_Task requirements_
Could you retype exactly the lines below between the one holding "フォグライト BUMPER+CORNER LIGHT+SMOKED" and the one holding "JENNIFER ZEUNER JEWELRY", inclusive, leaving out any pictures?

_Material to process_
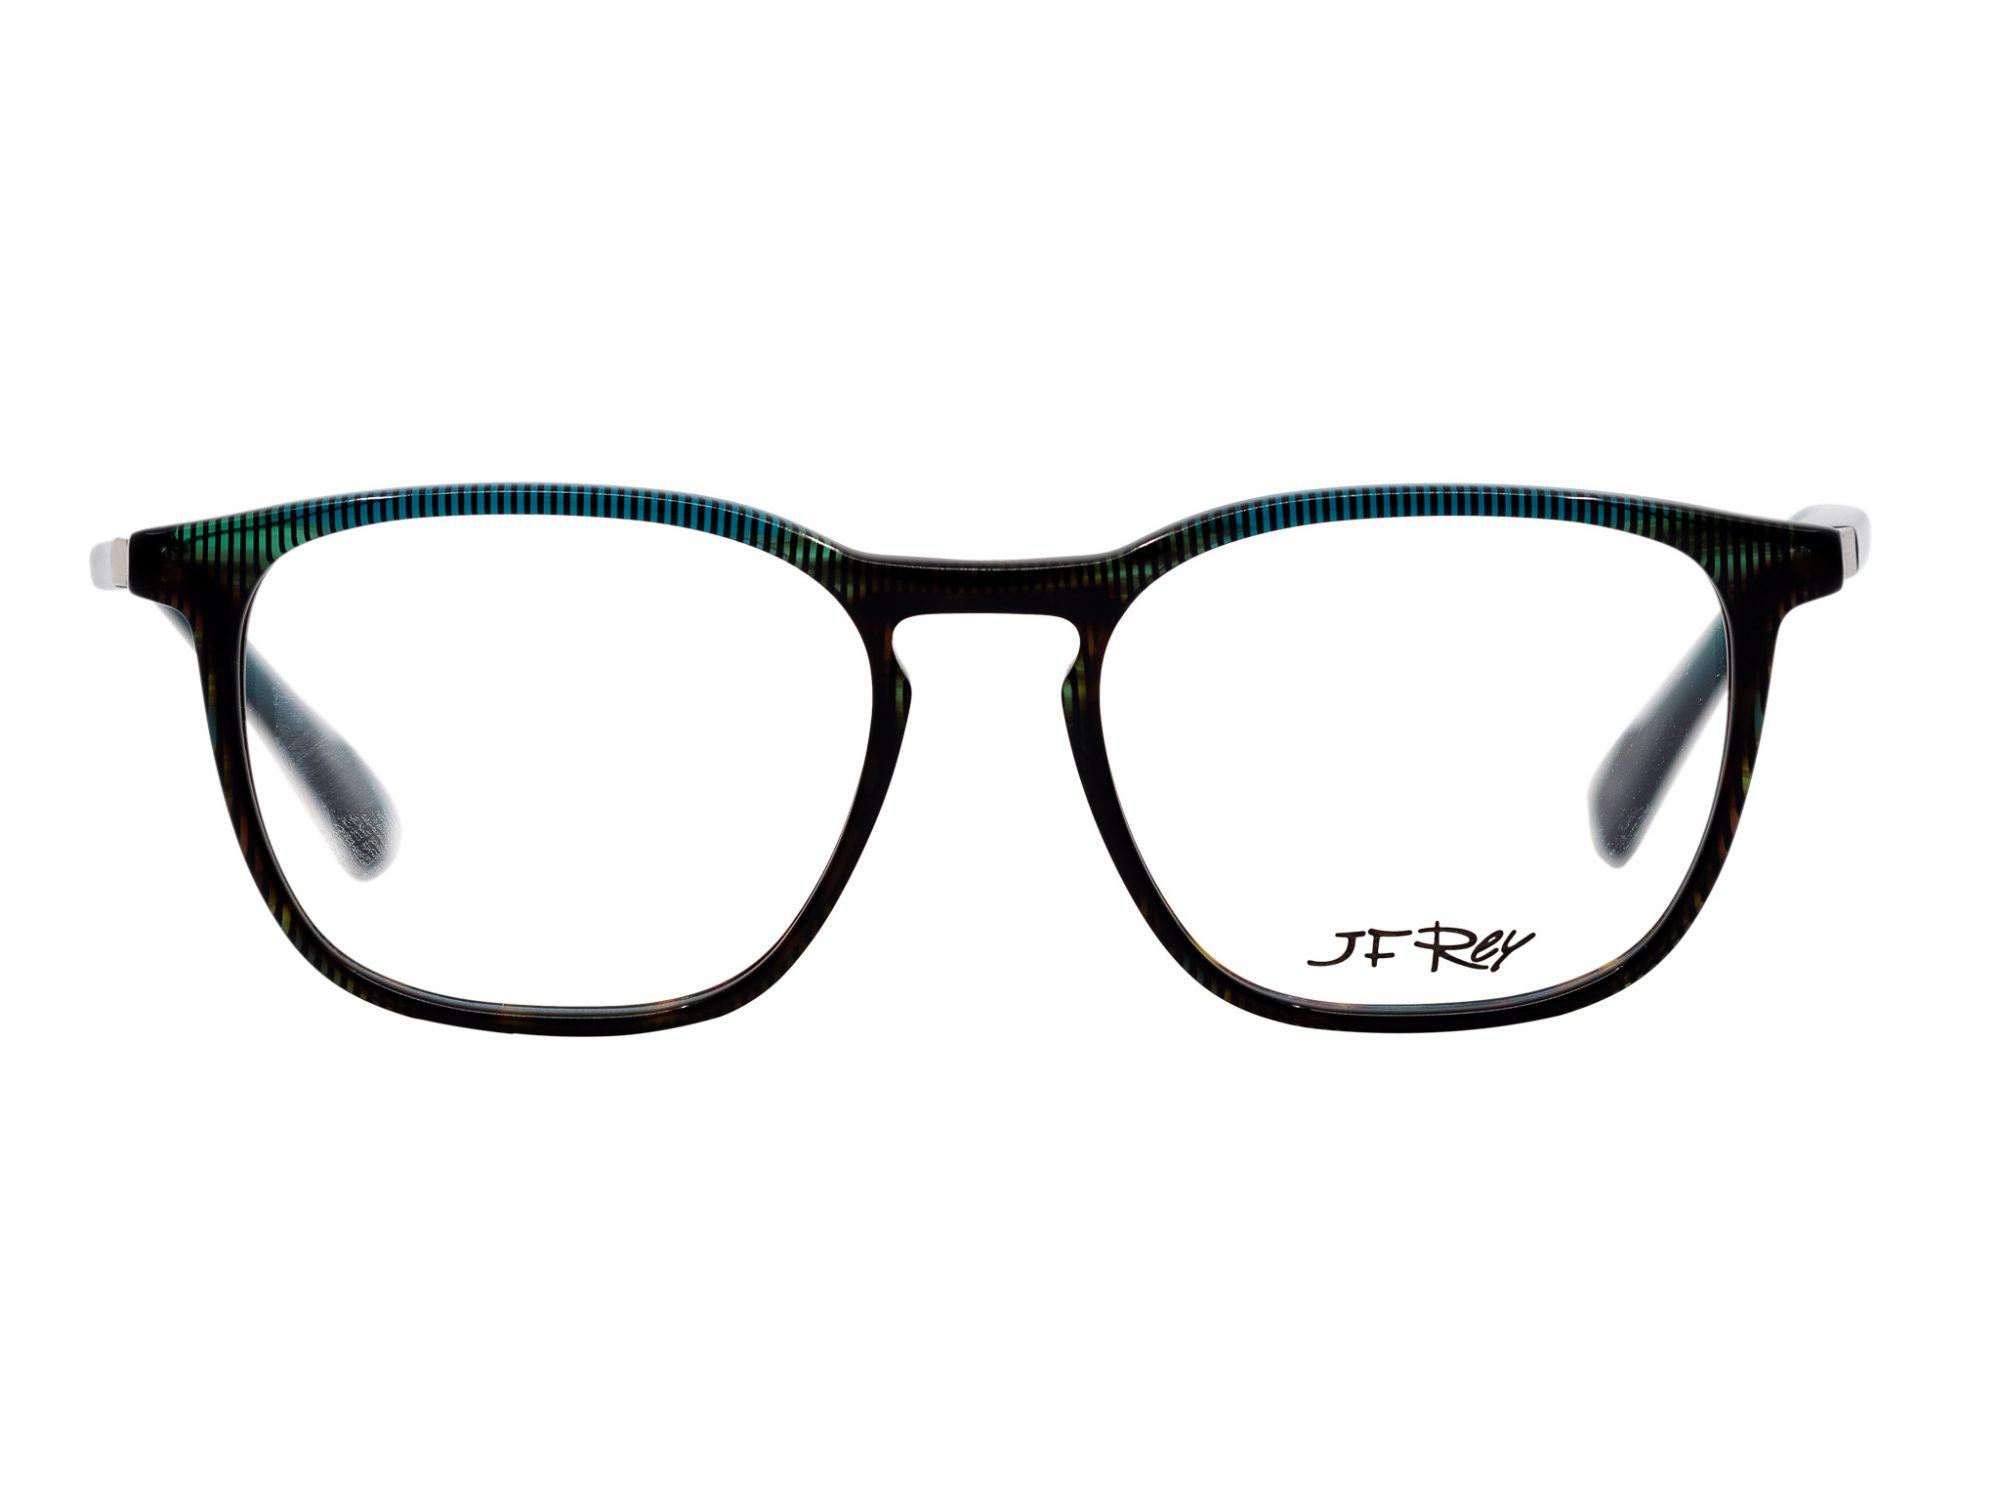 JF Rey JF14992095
...
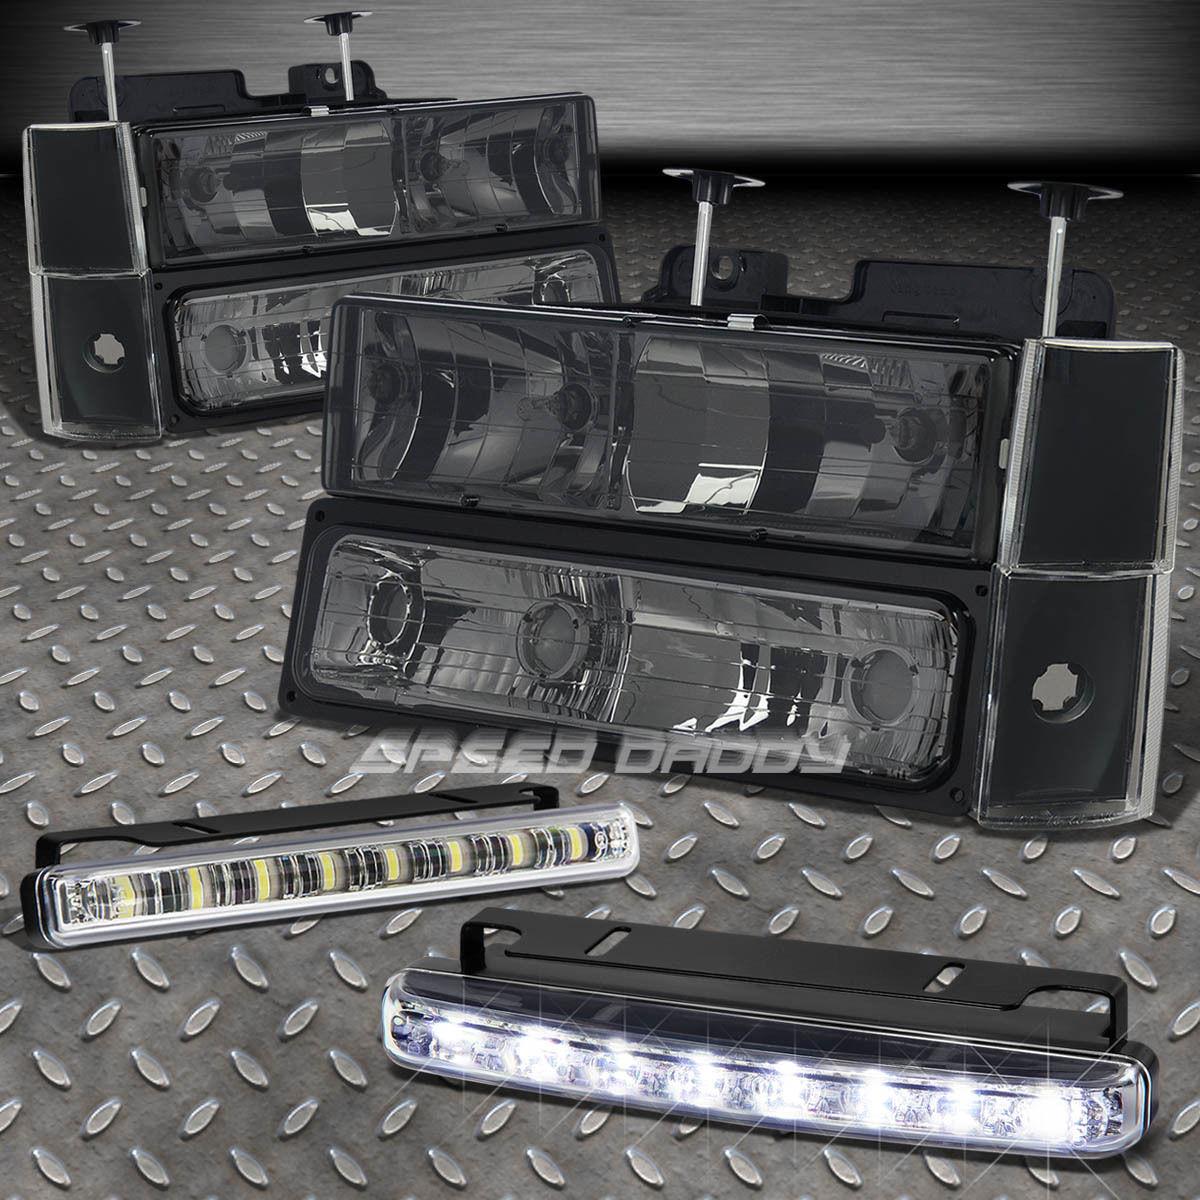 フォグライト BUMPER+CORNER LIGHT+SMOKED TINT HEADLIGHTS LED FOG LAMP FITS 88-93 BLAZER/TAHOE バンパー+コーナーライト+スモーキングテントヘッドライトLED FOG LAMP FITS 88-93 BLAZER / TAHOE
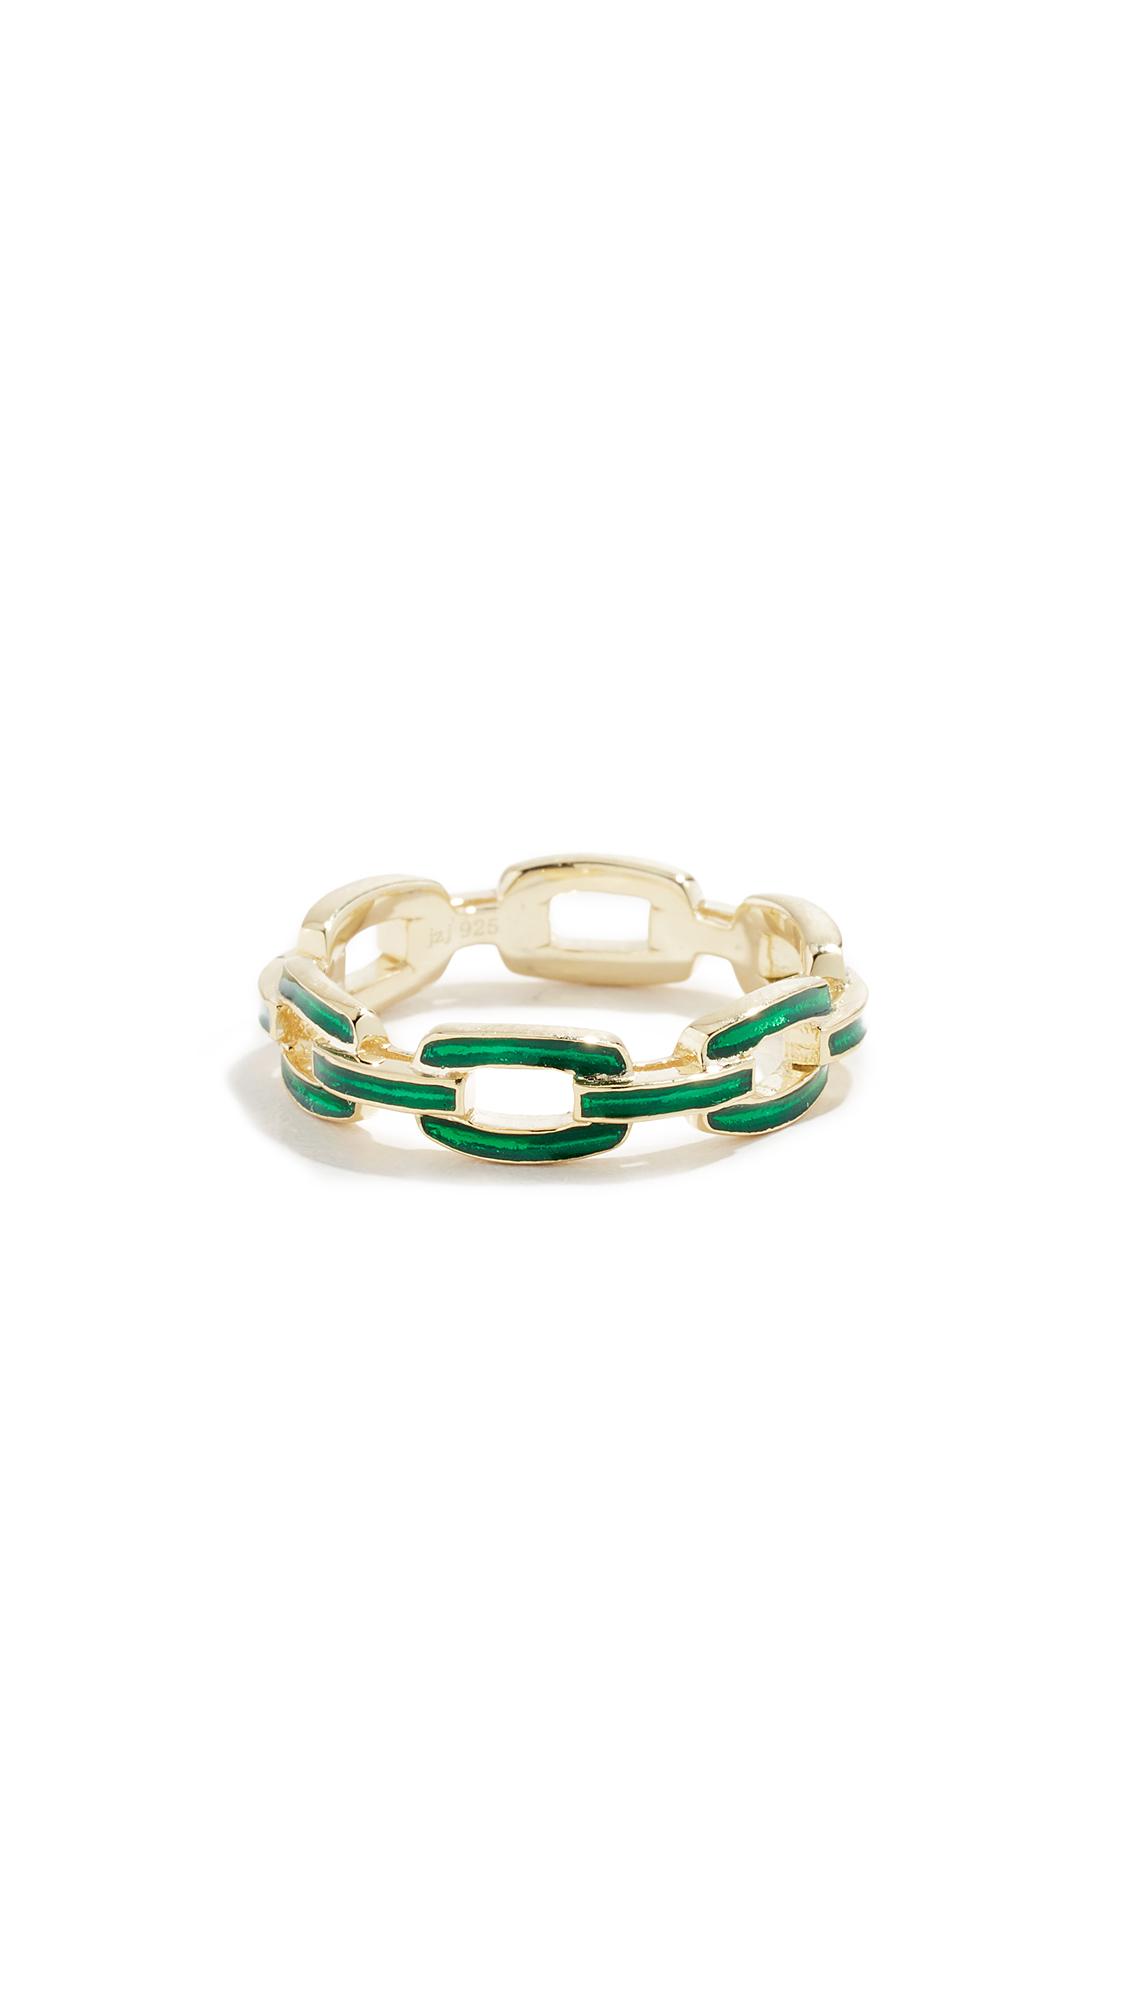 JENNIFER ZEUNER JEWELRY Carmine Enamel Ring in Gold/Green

_Exercise output_
 フォグライト BUMPER+CORNER LIGHT+SMOKED TINT HEADLIGHTS LED FOG LAMP FITS 88-93 BLAZER/TAHOE バンパー+コーナーライト+スモーキングテントヘッドライトLED FOG LAMP FITS 88-93 BLAZER / TAHOE
 JENNIFER ZEUNER JEWELRY Carmine Enamel Ring in Gold/Green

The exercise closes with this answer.